# Sharp IR Remapping

I've just purchased a Sharp IR Range Finder 20cm to 150cm. I'm trying to remap the ADC so that when nothing is in range it reads 0 and when something has approached the 20cm limit to read 100.

This is my code:

``````#define irSensor 1

void setup () {
Serial.begin(9600);
}

void loop() {

int irVal = analogRead(irSensor);
int irMapVal = map(irVal, 0, 1024, 0, 100);
Serial.println(irMapVal);
delay(1000);
}
``````

For some reason my maximum reading within the boundaries is 50 not 100 as I expected.

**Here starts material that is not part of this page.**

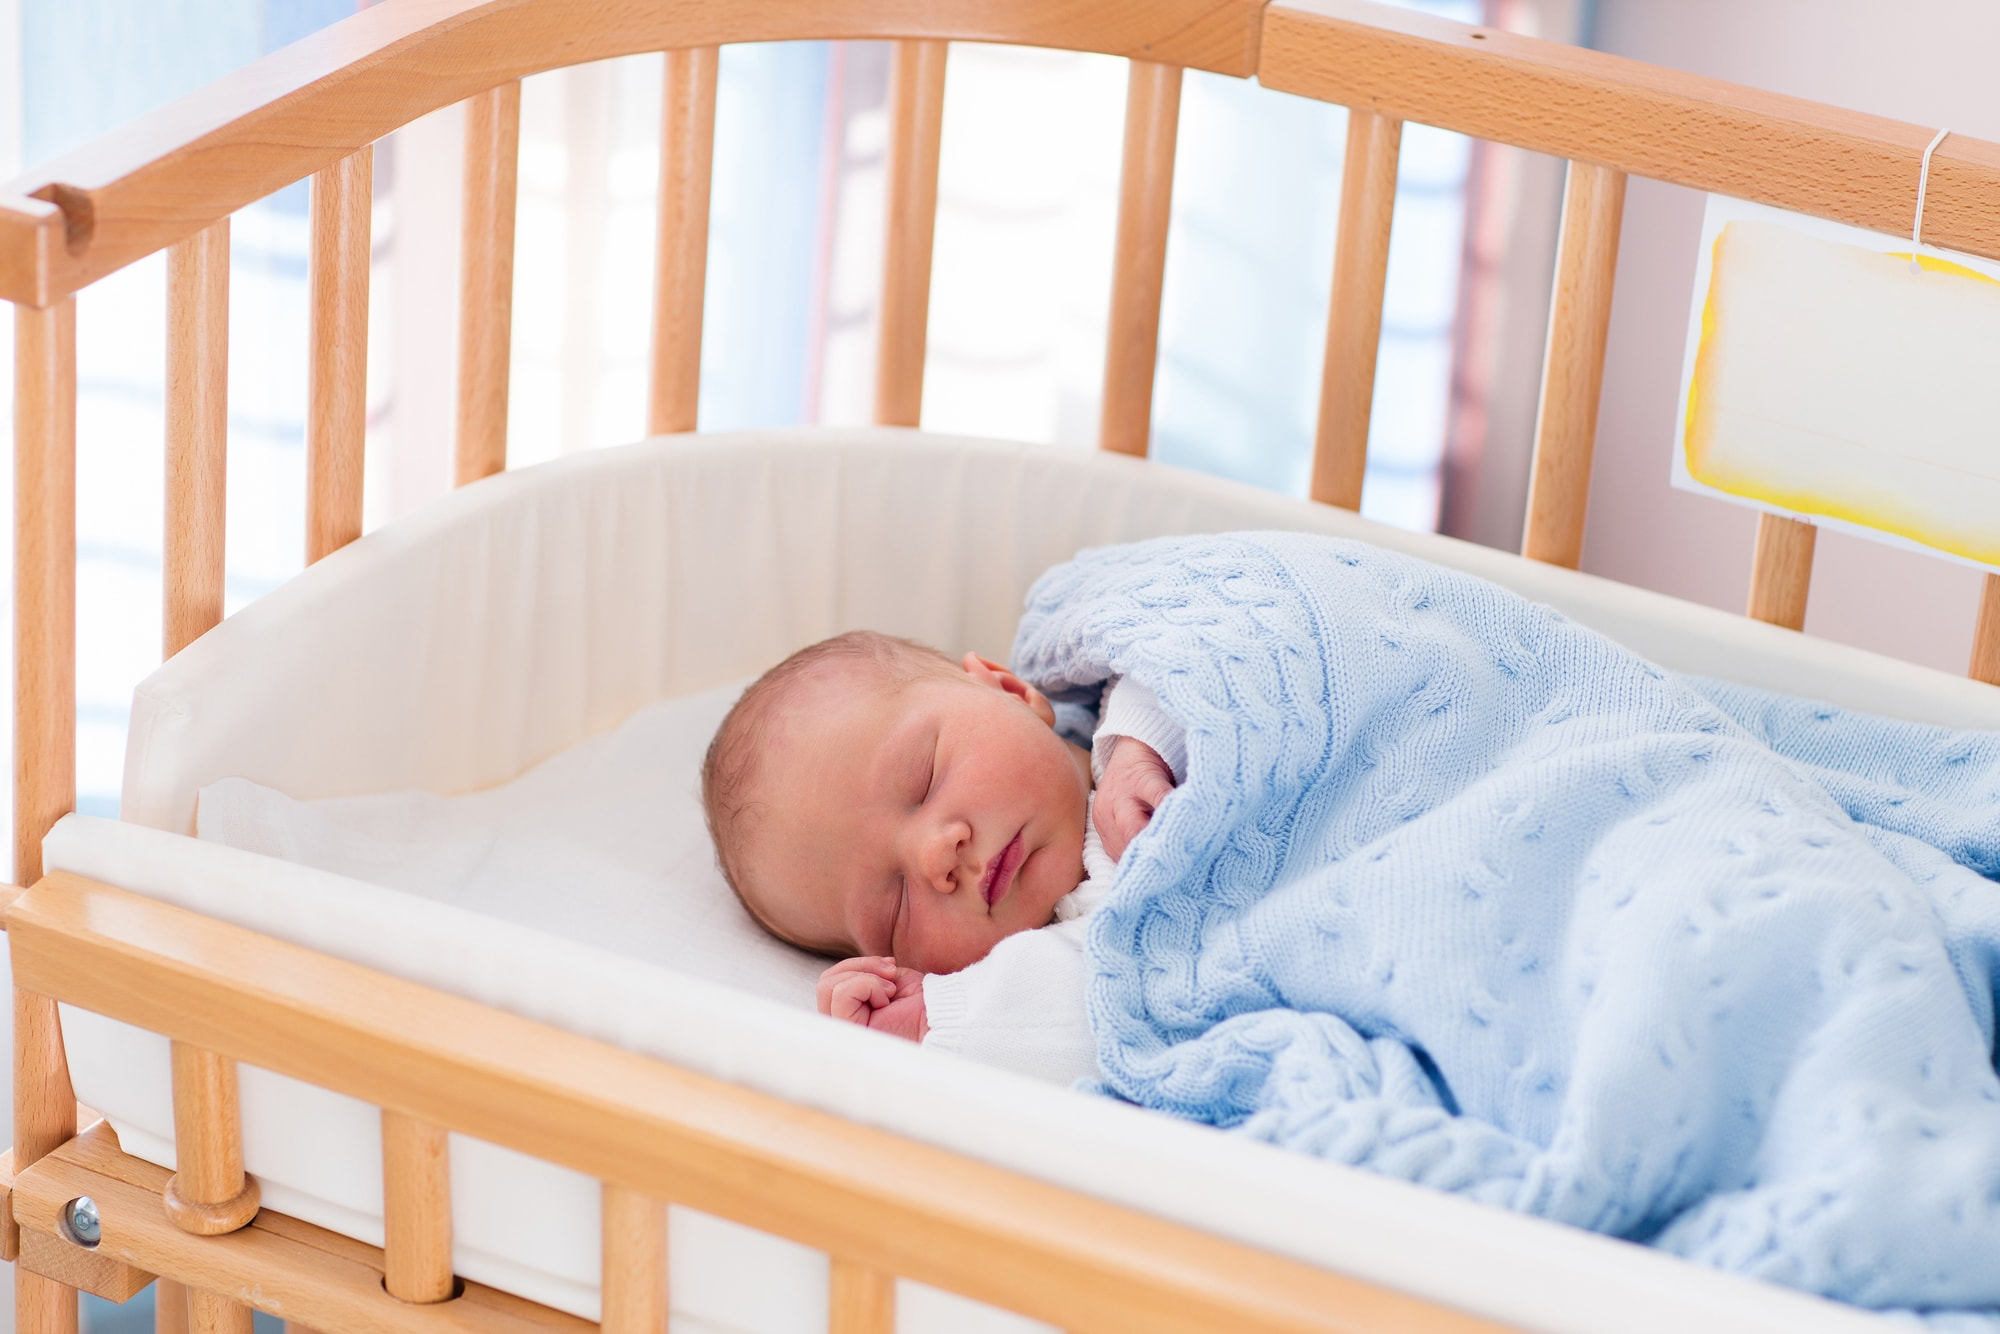 221500 como escolher a manta de bebe ideal - como-escolher-a-manta-de-bebe-ideal.jpeg

If you look at the specifications you will see that the output range for the GP2Y0A02 is about 0.5V to 2.75V. With a 5V analog input that’s about 102 to 563. You might want to constrain the inputs before mapping:

``````  int irVal = analogRead(irSensor);
int irMapVal = map(constrain(irVal,102,563), 102, 563, 0, 100);
``````

johnwasser:
If you look at the specifications you will see that the output range for the GP2Y0A02 is about 0.5V to 2.75V. With a 5V analog input that's about 102 to 563. You might want to constrain the inputs before mapping:

``````  int irVal = analogRead(irSensor);
``````

int irMapVal = map(constrain(irVal,102,563), 102, 563, 0, 100);

Thanks very much, thats perfect If you don't mind me asking, how did you work out the 102 to 563 range with the incoming and outgoing voltages? I know the Arduino Uno ADC is 10bit (0, 1024). Did you multiply the 0.5 and 2.75 by something?

The default analog input reference voltage is 5V. That means that 0V maps to 0 and 5V maps to 1024 (yes, even though the highest number you can get is 1023).

To calculate the analog input number from a voltage, divide the voltage by 5 and multiply by 1024.

0.5V / 5V = 0.1 * 1024 = 102.4
2.75V / 5V = 0.55 * 1024 = 563.2

Of course the actual numbers are truncated to integers: 102 and 563.

That makes perfect sense Thanks for your help, much appreciated!